В конце концов, много чего приходится делать, если собираешься помогать в убийстве сотни людей.
«Ведьм, – напоминаю я себе, входя в кабинет. – Они не люди. Они ведьмы».
– Но, сэр… – Йоханн мешкает в дверях, не зная, можно ли ему войти в крошечную каменную комнату, которая служит мне кабинетом.
– Что еще? – нетерпеливо спрашиваю я. До солнцестояния нужно спланировать многое, и у меня нет времени на хнычущих мальчишек, которым нечем себя занять, кроме как волноваться.
– Капитан Эрнст, мы уже несколько недель держим ведьм в тюрьме. Никаких сожжений. Там… становится тесно.
– Да, – отвечаю язвительно, – когда ведьм не сжигают, а вместо этого оставляют в тюрьме, они, как правило, просто так не исчезают. Что ты предлагаешь сделать?
По правде говоря, я боюсь назначенного дня. Город задохнется от вони горящего мяса. Желудок скручивает при мысли об этом, хотя я никак не выдаю своих эмоций.
Вся Священная Римская империя увидит дым, поднимающийся над Триром, и каждый будет трепетать от страха. Так, как того хочет коммандант.

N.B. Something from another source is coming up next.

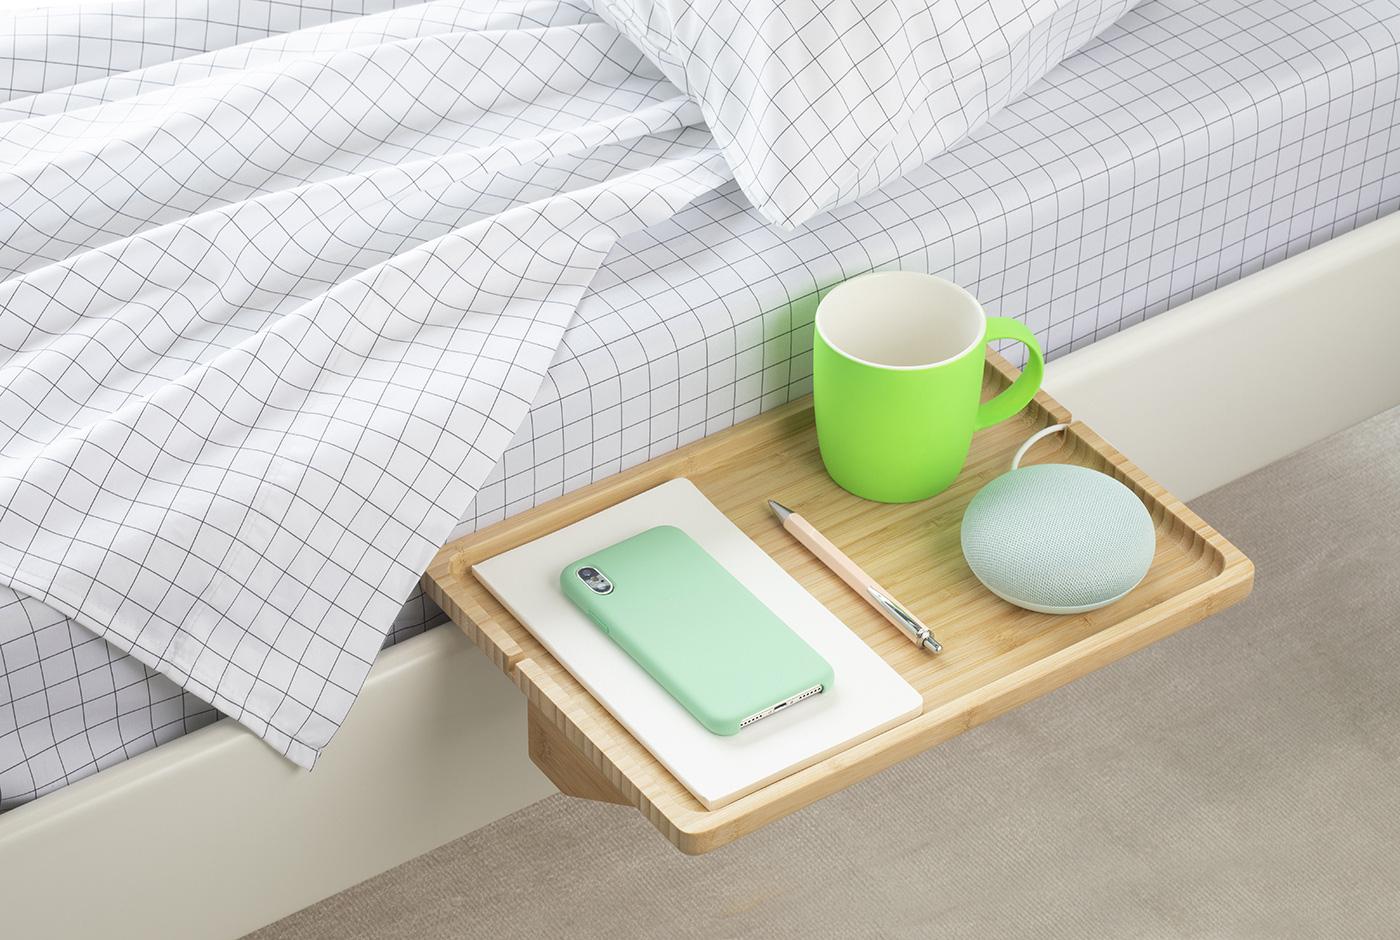 Chỉ cần kê thêm dụng cụ này, phòng ngủ nhỏ hẹp sẽ biến hóa trong tích tắc - Ảnh 1

Если приказ архиепископа будет выполнен.
– Если коммандант Кирх не вернется до солнцестояния… – начинает Йоханн, но останавливается, пытаясь составить связную фразу, – мы не знаем, что делать. Возможно, вы могли бы дать разрешение перевести заключенных в другое место или… – Его голос смолкает под моим грозным взглядом.
Я прищуриваюсь, обдумывая варианты.
– Я осмотрю тюрьму, – говорю я. В мои планы не входило перемещать заключенных. Я прохожу мимо Йоханна и иду по коридору. Когда не слышу шагов парня, следующего за мной, кричу: – Пошли!
Йоханн с трудом поспевает следом, пока я спускаюсь по массивной винтовой лестнице.
Штаб-квартира хэксэн-егерей находится в Порта-Нигра – Черных воротах, построенных римлянами, когда они захватили город-государство Трир сотни лет назад. Здание перестроили в церковь, и верхний этаж используют охотники на ведьм.
Я продолжаю спускаться по железной лестнице, закручивающейся спиралью, которая спускается, минуя церковь, все глубже и глубже под землю.
– Сэр? – пищит Йоханн, но я не обращаю на него внимания.
В Трире не осталось ничего, что не затронул бы Рим. Германские народы входят в Священную Римскую империю не без причины – прошли столетия, но наши камни были высечены римскими рабочими, наши улицы нанесены на карту римскими картографами, а религия просочилась в сознание людей благодаря римским императорам. Сам Константин Великий жил в Трире.
Его люди проложили акведуки.
Огромная система туннелей под улицами Трира достаточно древняя, но все еще в хорошем состоянии, созданная для доставки в город чистых вод реки Мозель. Не многие помнят об этом сейчас, спустя столетия. Ходят слухи, что в акведуках бродят призраки, и Йоханн крестится, когда я подхожу к входу в подземелье. Он и правда еще ребенок.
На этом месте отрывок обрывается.